Organization: The National Football League (NFL)
Rice playing in preseason game for Baltimore Ravens, Aug. 23, 2014.
How it started: In February of this year, Baltimore Ravens running back Ray Rice was charged with assault for hitting his fiancee. The Ravens conducted a shallow investigation, which was stopped when the prosecutor dropped charges.
In April, the NFL became involved in the case. Commissioner Roger Goodell was allowed to view the video of Rice knocking his fiancee unconscious, and in June he issued a two game suspension for Rice. This same video was not given to the Ravens until September 8, when the team promptly released Rice.
Reactions: The two game suspension ignited a flurry of protest from players and fans across the country. These people pointed out that lesser acts, such as missed drug tests or unnecessary roughness in games, can result in four or five day suspensions.
Examples of tweets from #whyistayed
The NFL unintentionally waded into a women’s rights controversy. Twitter exploded with posts about #WhyIStayed, in which women shared the devastating impact of physically abusive relationships.
When TMZ released the video of Rice punching his fiancee on September 8, the outrage reached a new level. The Ravens released Rice almost immediately, and Goodell extended his suspension indefinitely. Although this appeased angry players and fans, the conflict is nowhere close to resolved.
Why should you care?
The way that Rice treated his fiancee — now wife — is a reminder of the prevalence of domestic violence in American culture. A study by victim assistance organization Safe Horizon found that 25 percent of American women will experience domestic violence in their lifetime. This is a truly appalling statistic. It communicates a level of violent behavior in men nationwide that does not match up with the ethics and ideals that most Americans believe in.
It is impossible to completely destroy patterns of violence in humans.

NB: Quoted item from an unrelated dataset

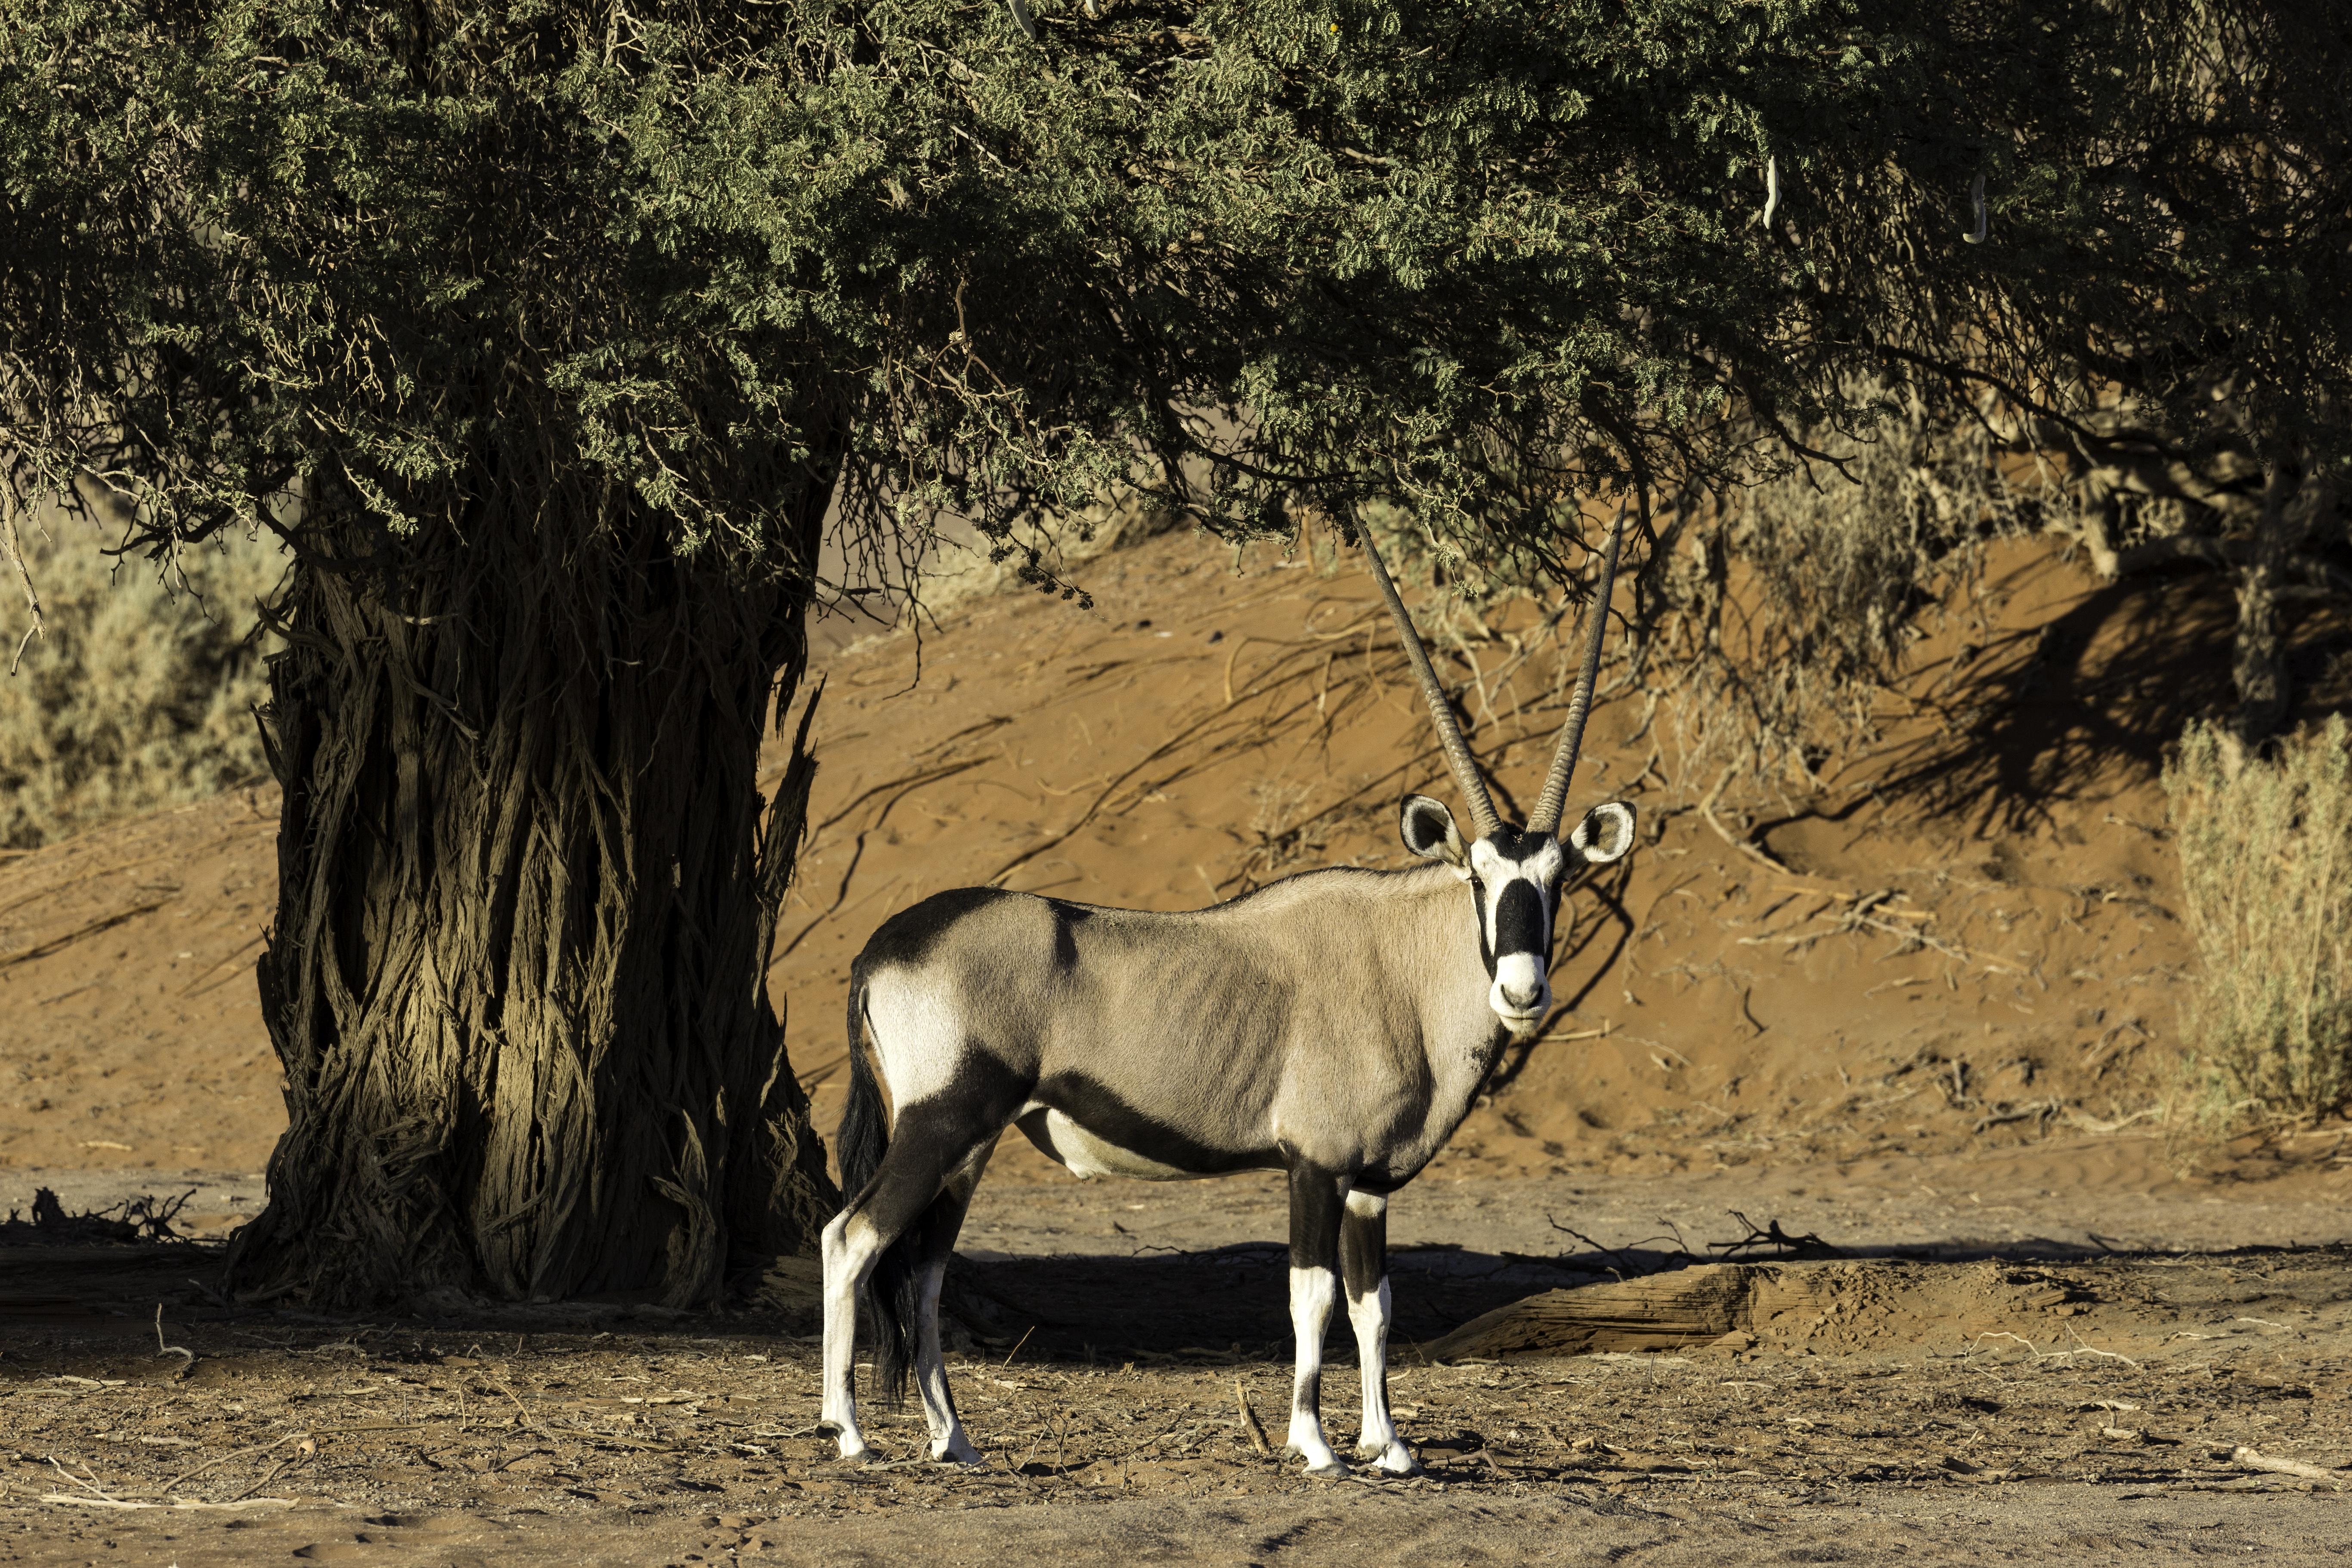 Soussusvlei oryx

However, when someone like Rice can knock his fiancee unconscious and almost get by with only a two-game suspension, it enforces that pattern.
Little boys look up to men like Rice. When they look at him, they see a 5’ 8” second round draft pick who averaged over 1,000 rushing yards per season. They see an NFL athlete, a role model. And when they see him hit his fiancee, they become numbed to violence.
Maybe they don’t automatically think, “Domestic violence is okay.” But the message is still there. An NFL athlete can hurt someone, and it’s not as big of a crime as missing a drug test. An NFL athlete can beat his girlfriend, and the consequences will be minor.
Wife Janay Rice makes statement to news media May 5, 2014.
NFL fans and players alike must realize that while Rice committed the crime here, there is a second tragedy — the reaction of the Ravens and the NFL. Beating a woman cannot be solved with a two game suspension. Spending two Sundays warming the bench does not erase the memories of being punched in the face and dragged unconscious down a hallway.
Yes, the NFL indefinitely suspended Rice, but that suspension came two months too late. And it’s those two months of separation that illustrate just how far America has to go in rectifying the issue of domestic violence.